Nous tenons également à souligner l’absence de prise en considération de la réussite des jeunes accueillis sous toutes ses acceptions. L’arrêté du 6 décembre 2019 prévoit en effet une volonté de mener les étudiants à la réussite. Mais laquelle ? Nous ne nous considérons pas comme de simples tamponneurs de diplômes mais comme des accompagnateurs de projets individuels professionnels. La réussite se définit pour nous par :
une capacité à recruter des jeunes sur la base de leurs projets professionnels,
une formation de nos étudiants à des savoirs académiques et de compétences susceptibles à la fois d’assurer leur employabilité et de leur permettre de s’adapter et d’évoluer dans un environnement professionnel,
une sensibilisation forte de nos étudiants aux qualités comportementales indispensables à intégrer pour comprendre le monde professionnel,
une propension à former des cadres intermédiaires pour répondre aux besoins des employeurs,
une volonté de faire réussir chaque jeune dans son projet personnel dans un cadre satisfaisant et qui permette à son employeur de le fidéliser.
Au lieu de cela, la marche forcée imposée casse cet équilibre subtil basé sur une adéquation nécessaire entre les profils des jeunes recrutés, les programmes proposés et la prise en compte des attentes du monde professionnel. En effet, nous allons être contraints d’accueillir des jeunes mal préparés dans la définition de leur projet d’études, dans des programmes dont l’écriture n’est pas aboutie et sans avoir associé le monde professionnel à cette réforme qui va l’impacter directement.

Nous ne cautionnerons pas cette marche forcée qui conduit à mener cette réforme à l’envers. Il aurait fallu associer dès l’amont les lycées, les familles et les professionnels à ces réflexions.
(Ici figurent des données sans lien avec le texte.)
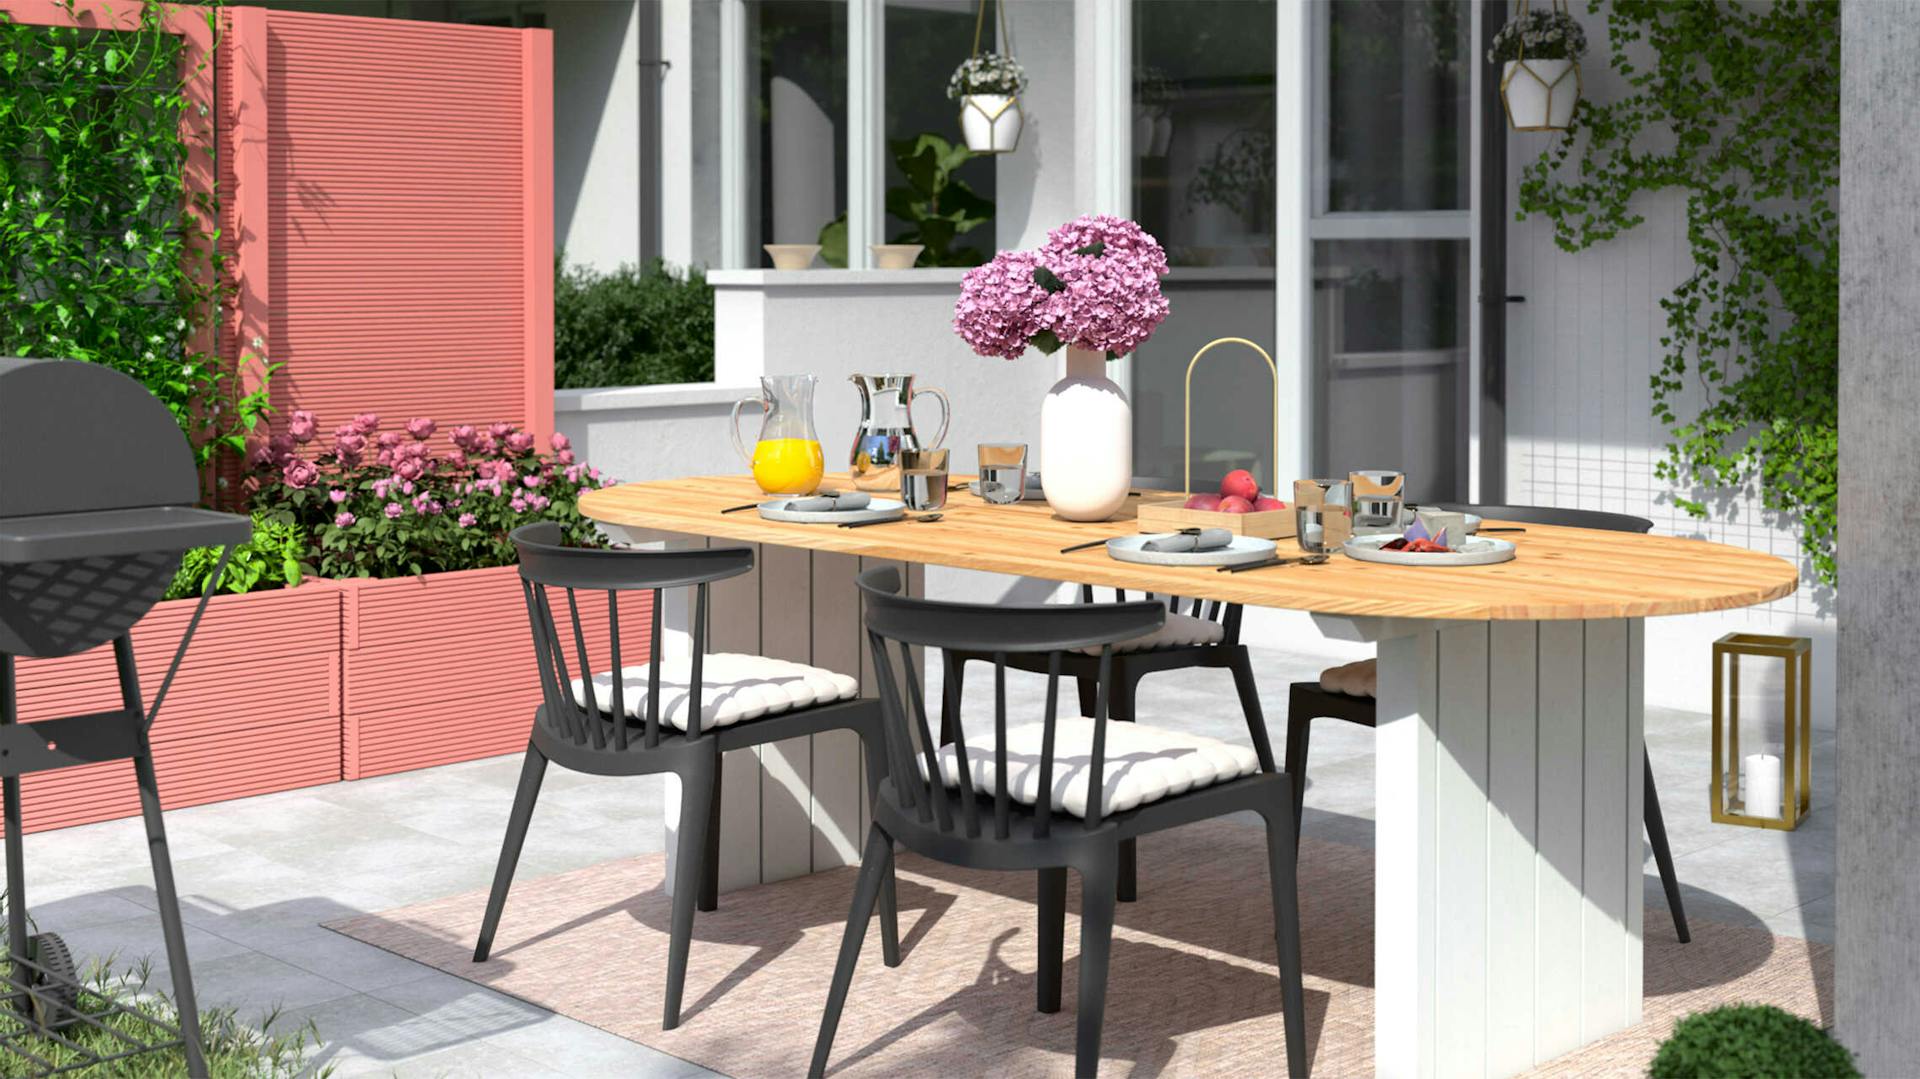 Gartentisch Emilia steht auf einer hellen Terrasse, wo das Hochbeet Alfred in einem pastellrot als Sichschutz aufgestellt worden ist.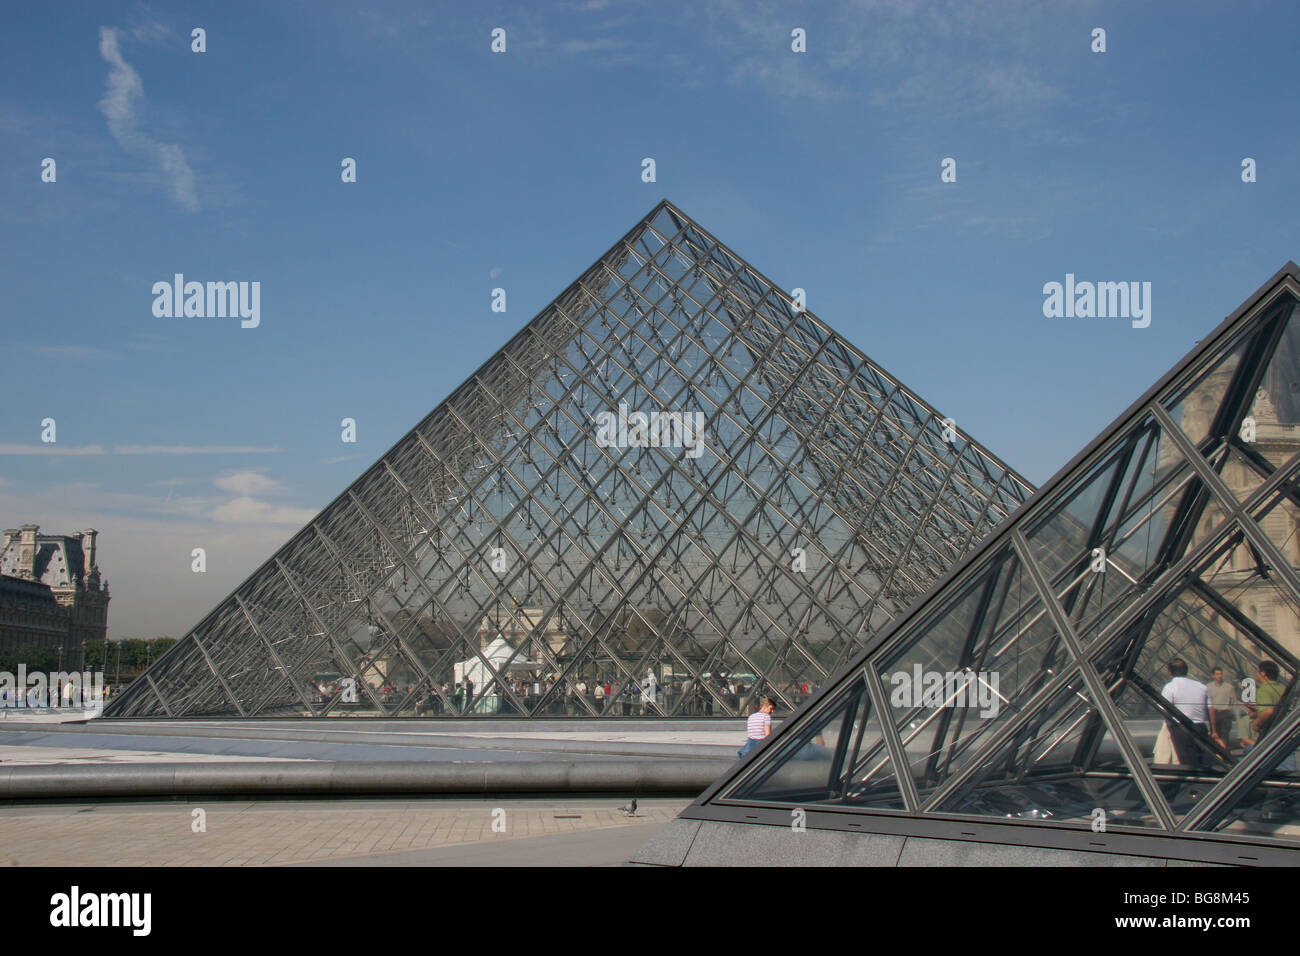 Il museo del Louvre. La grande piramide in vetro. Il piramids progettato dall architetto Leone Ming Pei, nel 1981. Parigi. La Francia. L'Europa. Foto Stock

Au lieu de cela, cette réforme vise à instituer un déterminisme social insupportable qui enferme les jeunes dans des parcours d’études à vie et qui ignore un principe qui nous est cher : celui de l’escalier social qui permet d’accompagner tout jeune volontaire sur la voie de la réussite.

C’est pourquoi, les présidentes et présidents de conseil des IUT comme leurs directrices et directeurs appellent à accepter les propositions de quotas faites par les IUT mais aussi d’engager un travail de fond avec les familles, le monde professionnel et les lycées afin de faire de cette réforme une véritable réussite. Nous sommes certains que de ce travail, pourra émerger une nouvelle méthodologie de travail pour appréhender au mieux les enjeux de la professionnalisation et pour définir en conséquence des quotas qui tiennent compte de la réalité des jeunes et de leurs familles mais aussi des enjeux économiques de chacun des territoires qui maillent notre belle Région.

Etant certains que vous saurez être à l’écoute de nos doléances bien légitimes qui ne sont que l’expression des IUT, du monde économique et des familles, nous vous prions de bien vouloir agréer, Madame la Ministre, nos salutations les plus respectueuses.

Les présidentes et présidents de conseil,
Les directrices et directeurs des IUT de la Région Auvergne Rhône-Alpes.